2020.05.25
経営支援資料館
コロナウィルス感染拡大防止に「在宅勤務」! 第3回 在宅勤務制度導入の仕方
ライター 吉田典史
今回は在宅勤務制度をスムーズに導入し、運用している会社を紹介します。
私が2018年に取材した中堅の自動車部品メーカー(正社員数500人)で、導入の時期は2016年でした。
●いきさつとスタート時
2016年5月に「働き方改革推進室(部員4人で、通常の部署との兼務)」を発足。
ここが中心となり、トライアルを繰り返すなどして段階的に取り組みました。
まず、対象を本社勤務の育児・介護中の社員約15人に絞ります。
女性社員を中心に「在宅で子育てや介護をしながら働きたい」という声があったためです。
就労場所は、自宅やカフェ、出張先のオフィス、要介護者の自宅や施設、会社が契約する企業が運営するサテライトオフィスなど、「常識的な範囲」としました。
就労時間の制限は、設けませんでした。

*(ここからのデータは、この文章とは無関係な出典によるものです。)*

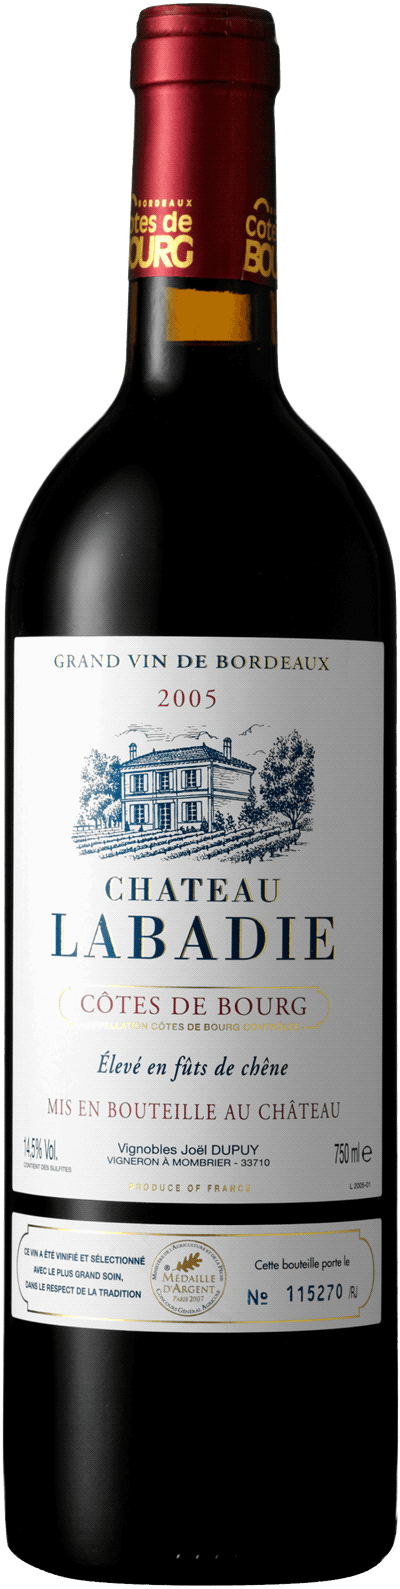 Château Labadie 
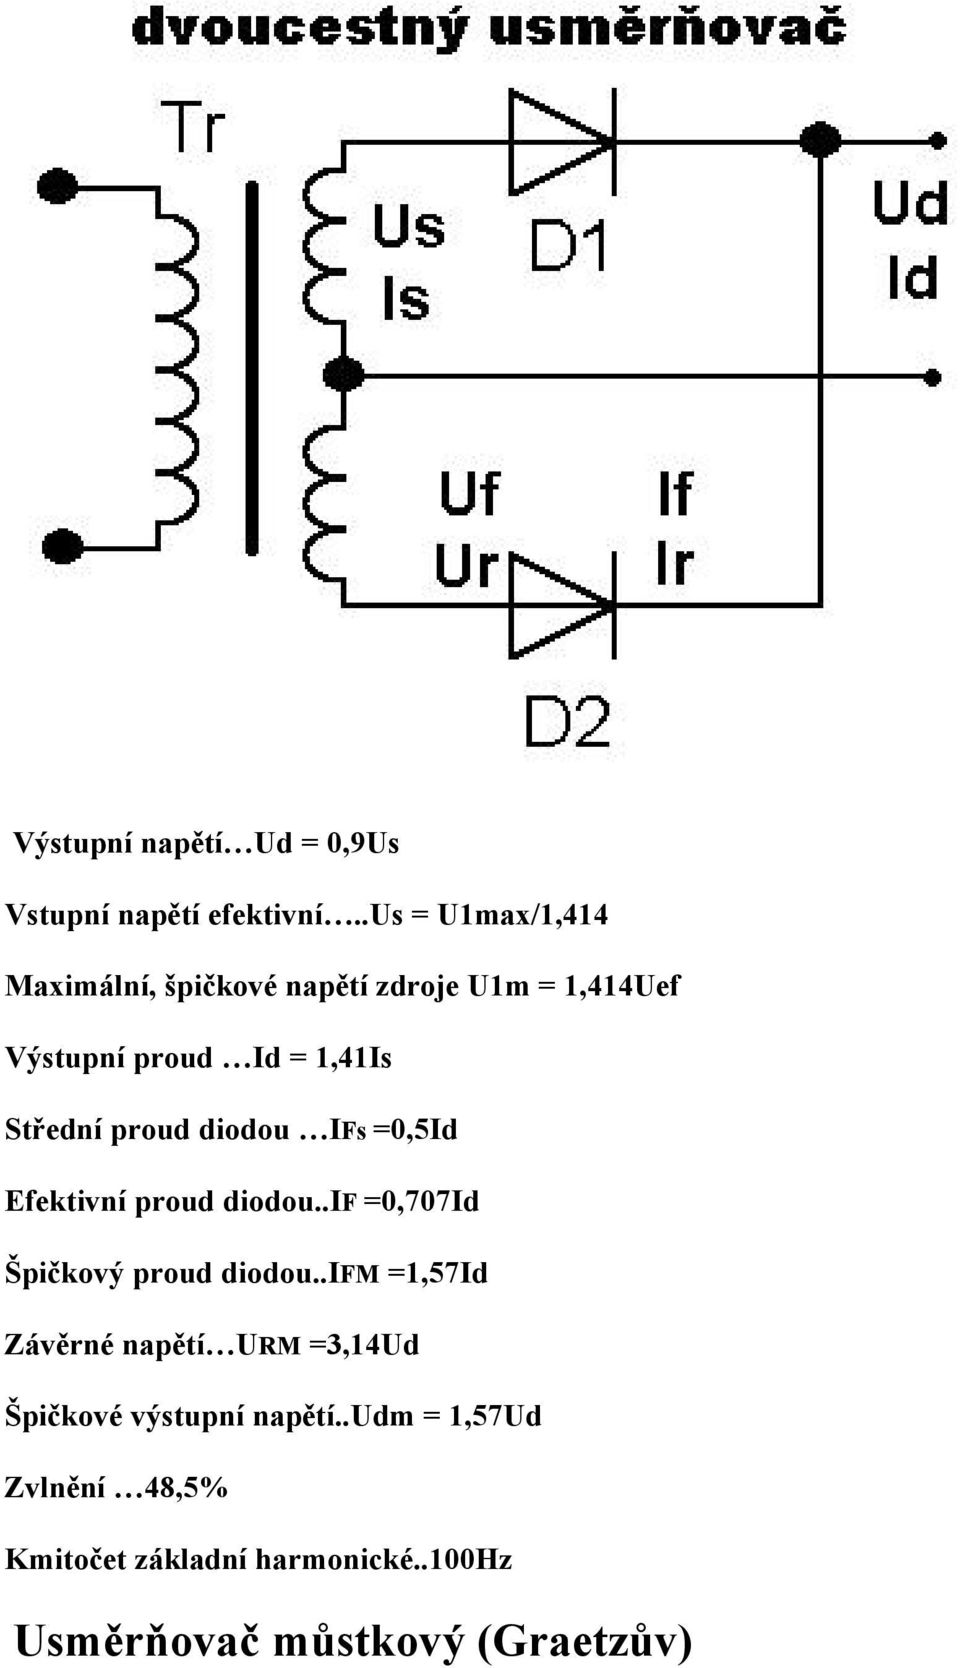 Středná proud diodou IFs =0,5Id Efektivná proud diodou..if =0,707Id Špičkovâ proud diodou.

社員の生活スタイルに合わせるために、例えば、午前中は自宅で、午後は会社で仕事ができるようにしました。
●ヒアリング(聞き取り調査)
働き方改革推進室は育児・介護中の社員15人やその上司や同僚25人のヒアリングを続けました。
特に確認したのは、テレワークした日の時間の使い方など。
その後、17年8月に、在宅勤務制度を「在宅勤務細則」として定めました。
主な内容は、次のとおりです。
- 就労時間や場所、情報漏えいの防止やパソコン内のデータのセキュリティ対策など。
- 希望者は上司の承認を得たうえで、「実施申請書」を人事部に毎月1回提出。
- 有効期間は当該年度(年度更新)で、通常は更新しています。
申請するうえでの主な条件は、次の通りです。
- 「上司への申請は前日までが好ましいが、当日も可能」
- 「実施日は始業時、終業時にメールで上司に連絡」
- 「勤怠管理は、パソコンのログオン、ログオフの記録で行う」
- 「自宅などで当日の仕事を一人でする力を兼ね備えている」
- 「情報漏えいやセキュリティ対策のルール(在宅勤務細則)を厳守する」
- 「制度を利用できる日は、原則として1か月の就労日の半分以内
(この範囲内ならば、通勤手当は従来通りの額を支給)」 - 「使用するパソコンは、会社が貸与したもののみ」
- 「パソコンの社外への持ち出しは、上司に毎月申請し、認められること」
- 「上司などの連絡は、原則として会社貸与のスマホなどを使う」 など。
●説明会開催で、正式にスタート
制度を導入する3ヵ月前から、全社員を対象に説明会を計5回開催しました。
1回につき1時間程。
説明で特に力を入れたのは、就労時間や場所、情報漏えいの防止やセキュリティ対策。
説明会のやりとりは録画し、社内イントラネットで観ることができるようにしています。
新卒や中途で入社した社員には、入社1か月以内に行う研修で視聴させています。
2018年に正式にスタートしました。
この会社は、制度利用の対象者を絞り込み、丁寧なヒアリングを行い、制度やルールを作る姿勢が明確です。
そのうえで、申請の手順やルールを定めるので
スムーズに導入し、運用ができているのだと思われます。